Dell Technologies provides a diverse selection of acceleration-optimized servers with an extensive portfolio of accelerators featuring NVIDIA GPUs. In this design, we showcase three Dell PowerEdge servers specifically tailored for generative AI purposes:
In this section, we describe the configuration and connectivity options for NVIDIA GPUs, and how these server-GPU combinations can be applied to various LLM use cases.
This design for inferencing supports several options for NVIDIA GPU acceleration components. The following table provides a summary of the GPUs used in this design:
Table 1. NVIDIA GPUs - Technical specification and use case
| NVIDIA H100 SXM GPU | NVIDIA H100 PCIe GPU | NVIDIA L40 PCIe GPU |
Supported latest PowerEdge servers (and maximum number of GPUs) | PowerEdge XE9680 (8) PowerEdge R760xa (4) | PowerEdge R760xa (4) PowerEdge R760 (2) | PowerEdge R760xa (4) PowerEdge R760 (2) |
GPU Memory | 80 GB | 80 GB | 48 GB |
Form factor | SXM | PCIe (dual width, dual slot) | PCIe (dual width, dual slot) |
GPU Interconnect | 900 GB/s PCIe | 600 GB/s NVLink Bridge supported in PowerEdge R760xa 128 GB/s PCIe Gen5 | None |
Multi-instance GPU support | Up to 7 MIGs | Up to 7 MIGs | None |
Decoders | 7 NVDEC 7 JPEG | 7 NVDEC 7 JPEG | 3 NVDEC 3 NVENC |
Max thermal design power (TDP) | 700 W | 350 W | 300 W |
NVIDIA AI Enterprise | Add-on | Included with H100 PCIe | Add-on |
Use cases | Generative AI training Large scale distributed training | Discriminative/Predictive AI Training and Inference Generative AI Inference | Small scale AI Visual computing Discriminative/ Predictive AI Inference |
NVIDIA GPUs support various options to connect two or more GPUs, offering various bandwidths. GPU connectivity is often required for certain multi-GPU applications, especially when higher performance and lower latency are crucial. LLMs often do not fit in the memory of a single GPU and are typically deployed spanning multiple GPUs. Therefore, these GPUs require high-speed connectivity between them.
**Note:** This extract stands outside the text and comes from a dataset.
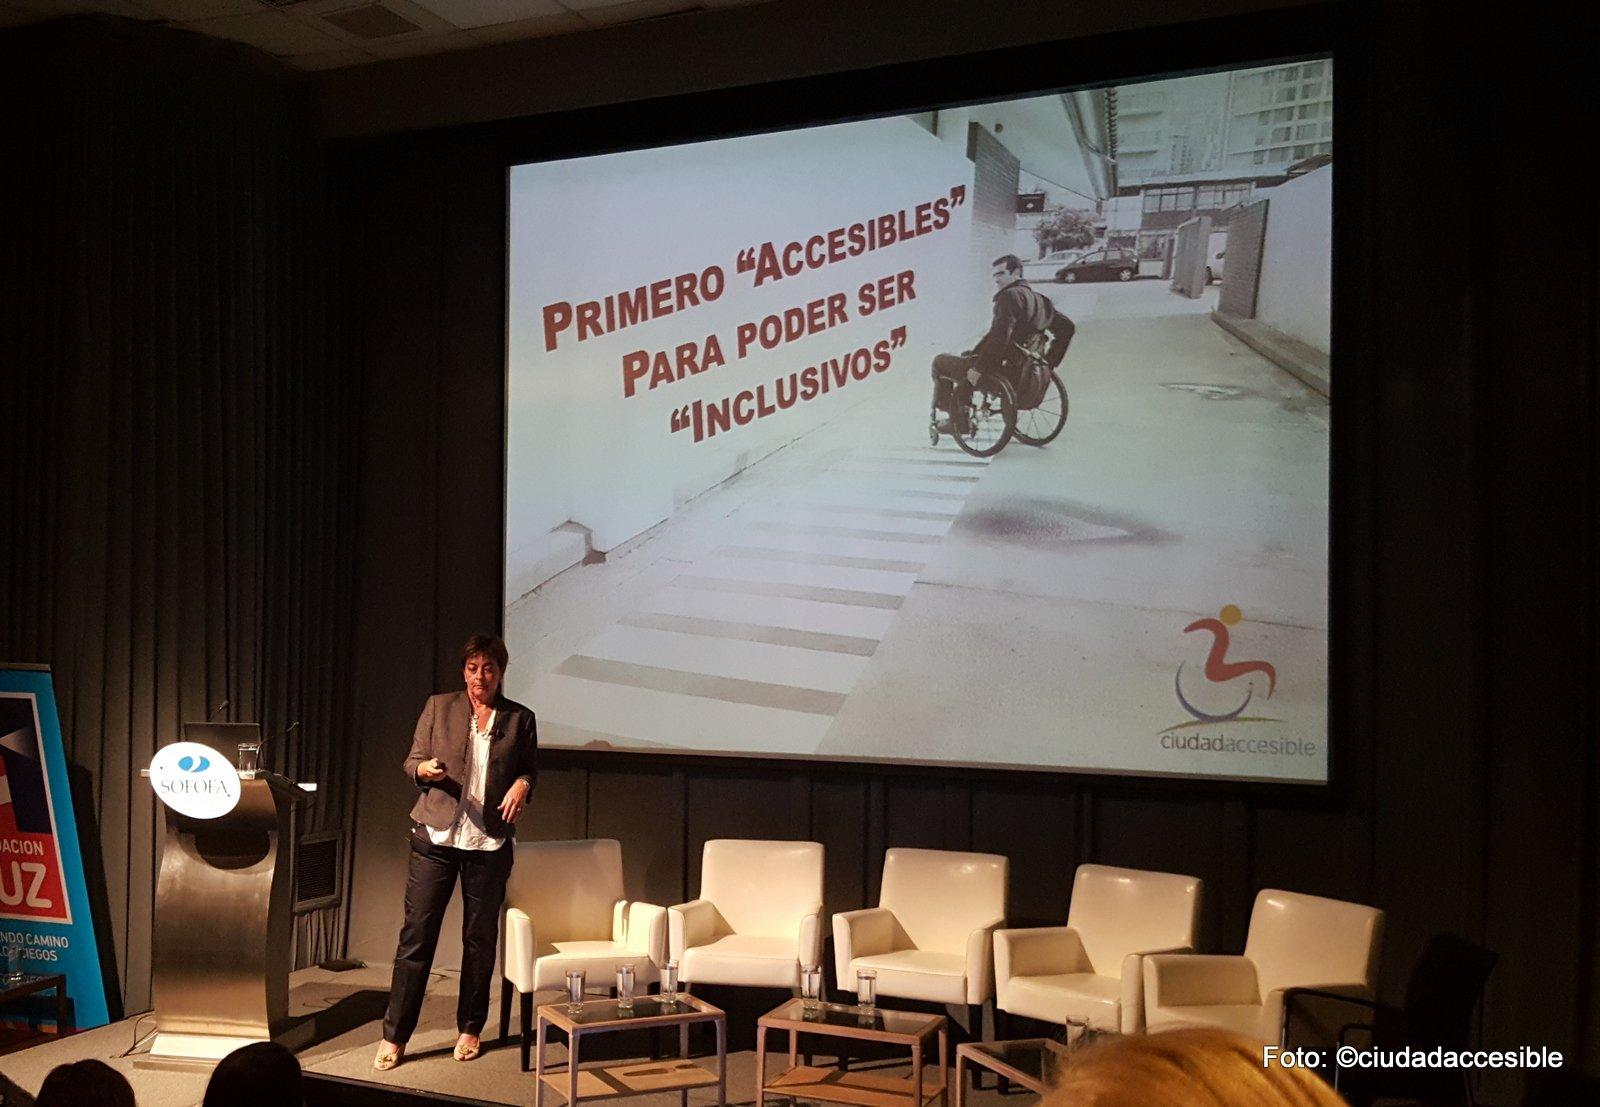 Exposición de Ciudad Accesible en Seminario Fundación Luz - Sofofa Primero accesibles para ser inclusivos

NVIDIA NVLink is a high-speed interconnect technology developed by NVIDIA for connecting multiple NVIDIA GPUs to work in parallel. It allows for direct communication between the GPUs with high bandwidth and low latency, enabling them to share data and work collaboratively on compute-intensive tasks.
The following figure illustrates the NVIDIA GPU connectivity options for the PowerEdge servers used in this design:
Figure 2. NVIDIA GPU connectivity in PowerEdge servers
PowerEdge servers support several different NVLink options:
The PowerEdge R760xa server supports four NVIDIA H100 GPUs; NVLink bridge can connect each pair of GPUs. The NVIDIA H100 GPU supports NVLink bridge connection with a single adjacent NVIDIA H100 GPU. Each of the three attached bridges spans two PCIe slots for a total maximum NVLink Bridge bandwidth of 600 Gbytes per second.
During inference, an AI model's parameters are stored in GPU memory. LLMs might require multiple GPU memory units to accommodate their entire neural network structure. In such cases, it is necessary to interconnect the GPUs using NVLInk technology to effectively support the model's operations and ensure seamless communication between the GPUs. Therefore, the size of the LLM model required by an enterprise dictates which model of PowerEdge server to choose for the inference infrastructure. The following table provides example LLM models that can be deployed in the PowerEdge servers.
Table 2. Example models supported in PowerEdge servers
Model characteristics | PowerEdge R760xa with H100 PCIe using NVLink Bridge | PowerEdge XE8640 with H100 SXM | PowerEdge XE9680 with H100 SXM |
Total memory available | 320 GB | 320 GB | 640 GB |
Maximum memory footprint of a model that can run | 160 GB | 320 GB | 640 GB |
Example open-source LLMs | NeMo GPT 345M, 1.3B, 2B, 5B and 20B Llama 2B and 13B | All models listed in R760xa | All models listed in XE8640 + Llama 2 70B (available for 8 GPUs) and BLOOM 175B |
For more information about generative AI models that were validated as part of this design, see Table 6.
Note: The preceding table does not consider where a model can span multiple nodes (multiple servers) and if the nodes are interconnected with a high-speed network like InfiniBand.